Fotografias:Pic-Nic produções.
A entrada fez-se lenta mas de forma ordenada. As medidas de segurança assim exigiam. 800 pessoas esgotaram há semanas o concerto. Apesar do frio e da fila exterior se assemelhar ao saudoso jogo Snake, tudo avançava pacientemente.
A 23 de Novembro de 2015, Beach House voltariam pela segunda vez a este local. Da última vez (2013), apresentaram Bloom e o concerto recordam-no por ter sido mau pela escolha do local, sem ambiente e de acústica deficiente e pelo público desatento e ruidoso. O que estaria então reservado esta noite?
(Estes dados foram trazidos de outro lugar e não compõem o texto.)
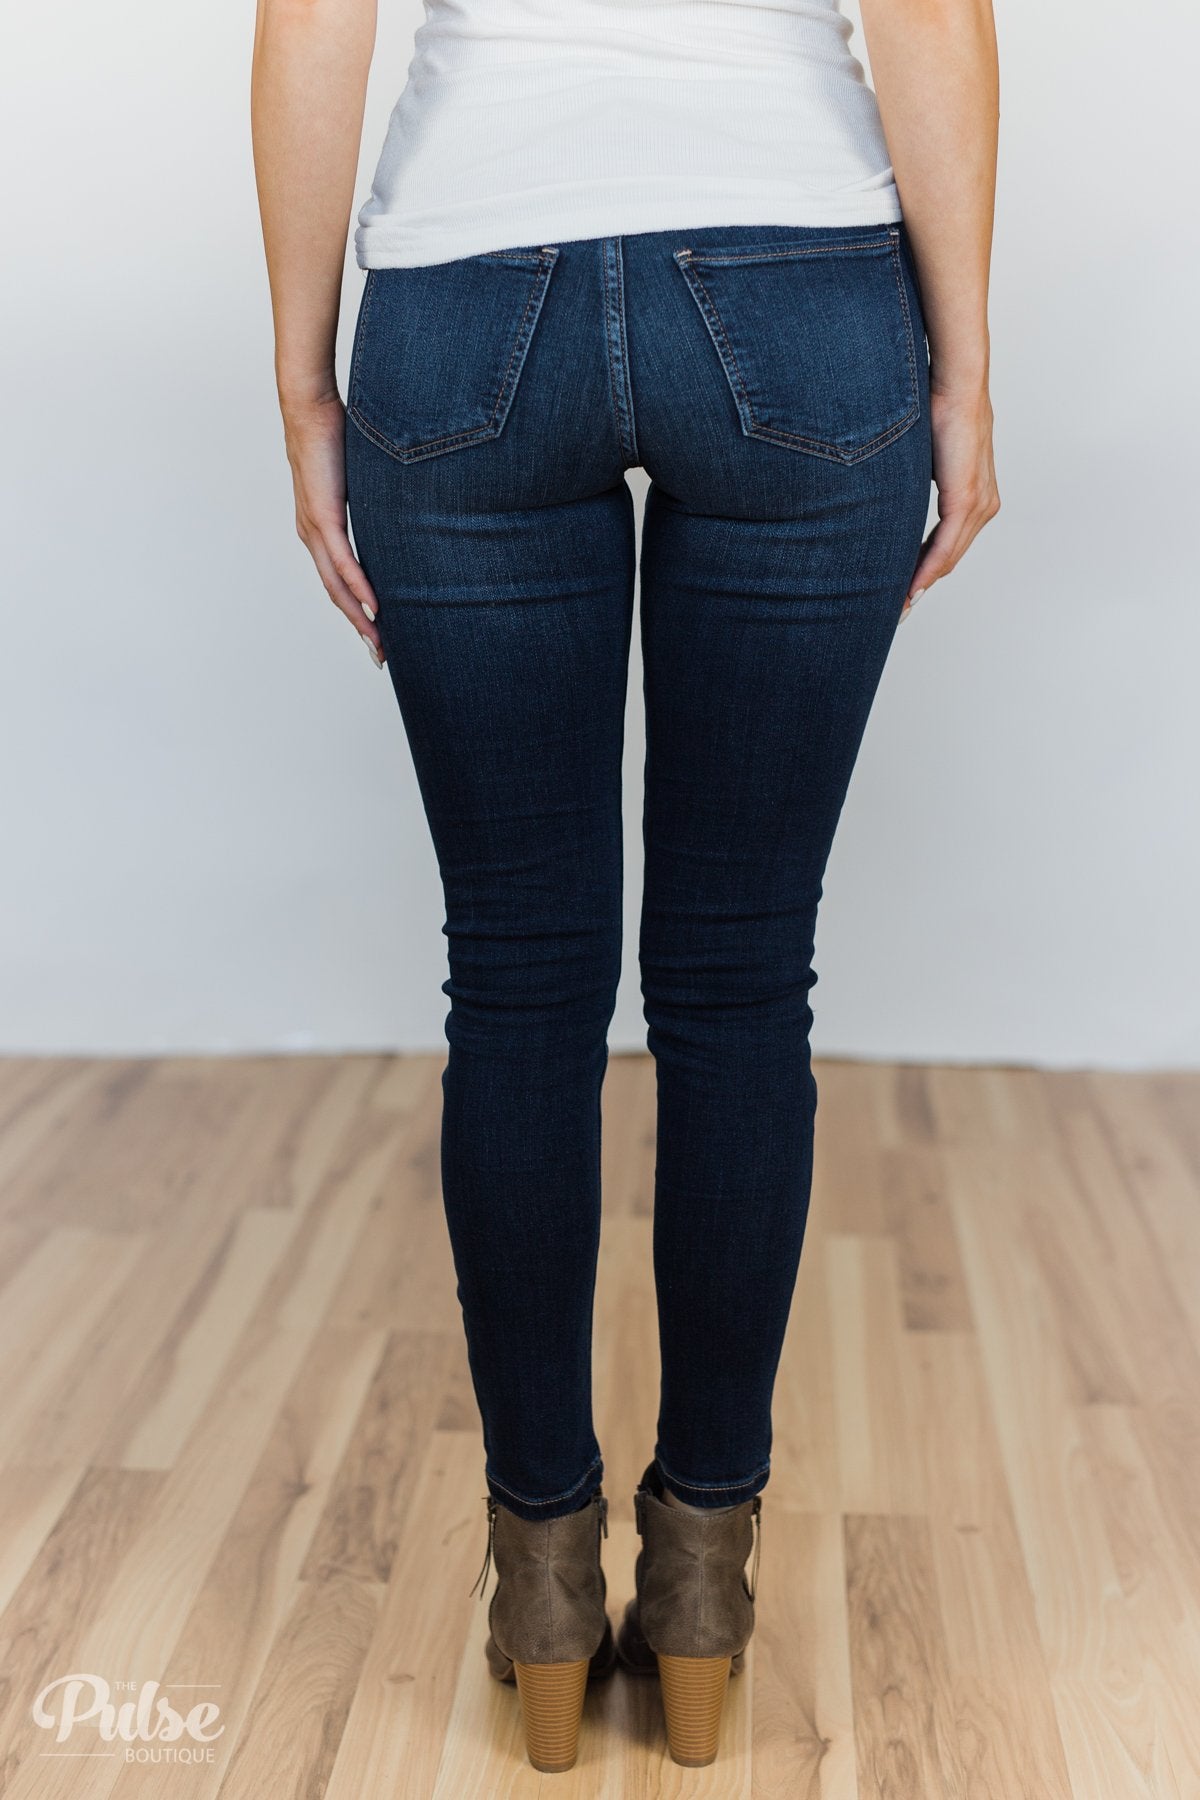 Sneak Peek Jeans- Claire Wash

Porque voltariam eles a tal sítio?
A honra de abertura em jeito de surpresa coube a Dustin Wong pelas 21:30. Ele fez de si um múltiplo de exponencial infinito, conjuntamente com uma guitarra, pedaleiras e loop station. Assim fez nascer e crescer camada sobre camada, alongadas paisagens instrumentais. A voz rareava, mas existia. Agradeceu o privilégio de poder estar em tour com os senhores que se seguiriam. Por sua vez os próximos, na voz de Vitoria Legrand, agradeceram a partilha da estrada com Dustin, tornando a experiência de tournée, que pode por vezes ser violenta, numa viagem mais leve e confortável.
35 minutos passados, silêncio. A sala estava composta, mas estranhamente pouco ruidosa para um espaço que se apresentava agora cheio.
22h22 – depois de um último teste aos micros, somem-se os roadies e faz-se escuro.
22h30 – entram em palco: Skyler Skjelset (dos Fleet Foxes), Graham Hill e por fim o duo de Baltimore: Alex Scally e Victoria Legrand.
Das palmas ao silêncio, Levitation inicia o sortilégio. De lilás e escuridão se fez o palco. Victoria e o teclado ao centro. Esta renega à luz gesticulando bruscamente: não só a dos flashes de quem, na primeira fila, tenta em vão ver para a além do seu manto capilar que a mantem a salvo e suficientemente distante de nós. Pede à organização que apague a iluminação existente no balção. Pedido não atendido. Era intimidade que se desejava para a apresentação dos dois últimos álbuns, editados este ano num espaço de 3 meses entre si e furando qualquer convenção da indústria da musical. Dizem que o ímpeto artístico e conceptual foi soberano e que estas canções pertencem a este oportunidade temporal, não fazendo sentido serem partilhadas de outra forma. Diria que a surpresa agrada sempre.
Se em Depression Cherry (Agosto de 2015) tateamos sobre um chão de algodão nem sempre doce, em Thank Your Lucky Stars (Outubro de 2015) sentimos o calor progressivo de um avistamento solar.
Estas foram as constelações maiores da noite, embora tenham tocado canções de todos os outros álbuns. De fora ficaram as enormes e sobejamente consagradas Gila ou Zebra. Saltwater, a primeira canção que compuseram juntos foi tocada apenas pelo duo em palco.
Para o palco trouxeram na bagagem panejamentos translúcidos e luzes estrelares que nos remeteram para um céu morno de verão. Dream Pop foi a catalogação que lhes coube, mas nem só de cor-de-rosa é feito o mundo dos sonhos. Existem também lugares sombrios que transportam ansiedade e tumulto, mas sobretudo a noção que não existe tecto para a fluidez da imaginação onírica.
O som apresentou-se pouco limpo, sem injustiça, direi que não soou bem. Demasiado cru. Quem não os conhecesse terá ficado com a ideia que estavam ali músicos amadores e de parca mestria instrumental. No entanto, foi um processo construtivo e de desbloqueio progressivo. Até a voz de Victoria foi crescendo no decorrer do concerto. Acabando em luz, embora os pés não tenham saído do chão.
Falando-nos, recordam 2008 em Lisboa, como um saudoso momento de viragem na sua carreira, onde até então estavam habituados a tocar para audiências escassas. Nesse ano provocariam uma enchente extraordinária à porta do Maxime. O mito por cá cresceu e no ano seguinte voltaram em contexto de festival. Dessa vez o duo arrebatou no Teatro Tivoli. A voz de Victoria lembrou-me Marianne Faithfull – uma voz antiga em corpo de menina. Parece não bater certo, mas tudo encaixa nesta terna estranheza.
Em suma, Beach House já provaram que são e que conseguem. Não aqui, nem agora. Este Armazém F, “não-lugar”. Merecem – eles e nós – melhor. Despedem-se dizendo que vão voltar para mais.